The McLean House front porch is closed, but the house remains open.
The front porch of the McLean House is being renovated requiring entry into the house through the back door.
Appomattox 1865 Foundation Observes Arbor Day
Appomattox 1865 Foundation
Sue Cochrane, Board Member
Eileen Huffman, PR Manager
APPOMATTOX 1865 FOUNDATION OBSERVES ARBOR DAY
Friends Group Members and Volunteers Plant Treesat Appomattox Court House National Historical Park
FOR IMMEDIATE RELEASE (May 1, 2012): APPOMATTOX COUNTY, VA;
The Appomattox 1865 Foundation observed Arbor Day on Saturday, April 28 at Appomattox Court House National Historical Park by planting two dozen trees and shrubs. Both foundation members and volunteers from the Appomattox Central Virginia Community College Center joined forces to begin a targeted landscaping project.

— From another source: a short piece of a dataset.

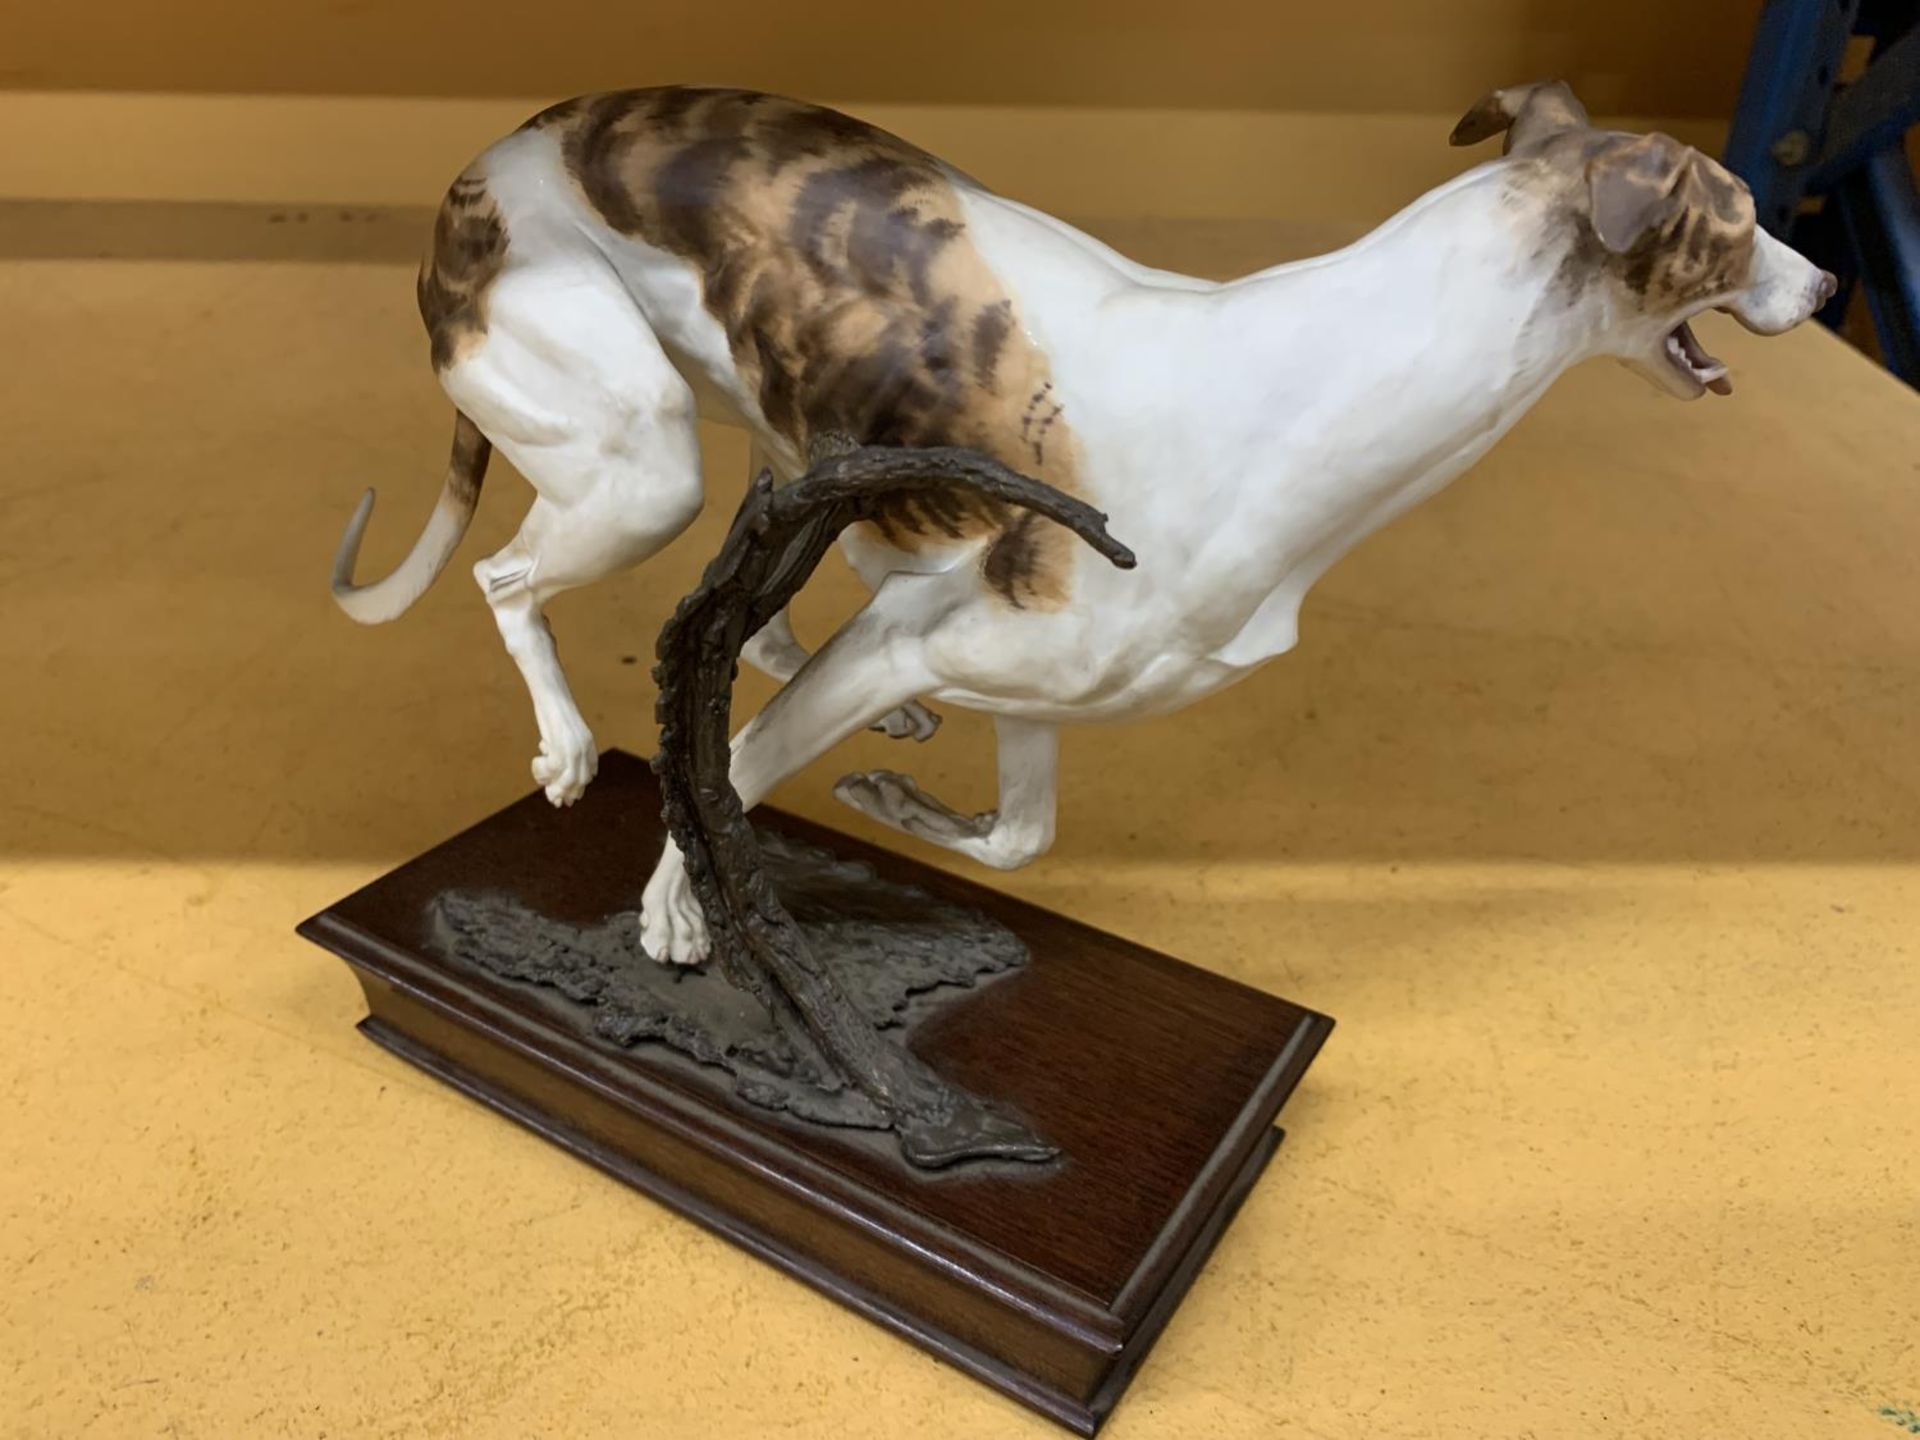 AN ALBANY FINE CHINA MODEL OF A GREYHOUND BY NEIL CAMPBELL, LILMITED EDITION 98/250 WITH CERTIFICATE - Image 4 of 6
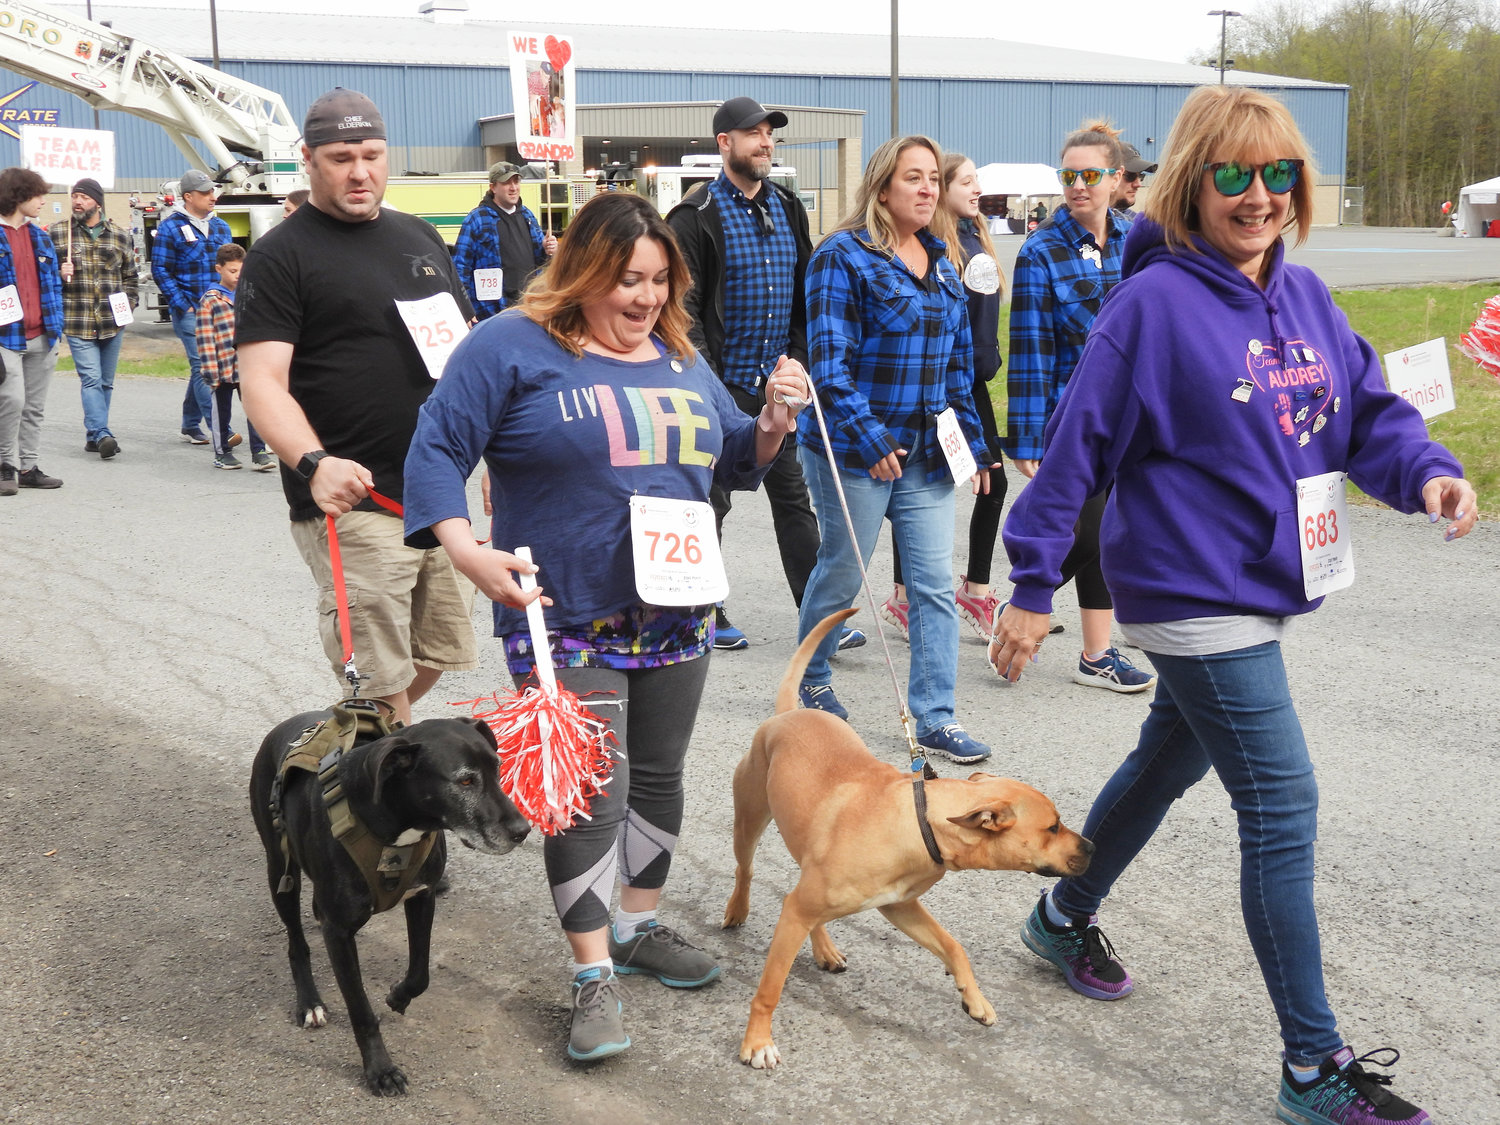 Walkers set out for the America's Greatest Heart Run and Walk on Satuday, May 7 from Accelerate Sports, walking the 3k to raise awareness and support for heart health

"This is one of the 'top ten' projects identified by the friends group," said Sue Cochrane, Board Member and Foundation Secretary. "The trees that were planted here today are part of a long-term landscaping plan designed to further the visitor's authentic experience at the park. We are proud of our members and grateful to the volunteers who helped us today," she continued. "Partnering for projects such as this demonstrates close cooperation between the National Park Service and our valued friends groups," added Reed Johnson, Superintendent of Appomattox Court House National Historical Park.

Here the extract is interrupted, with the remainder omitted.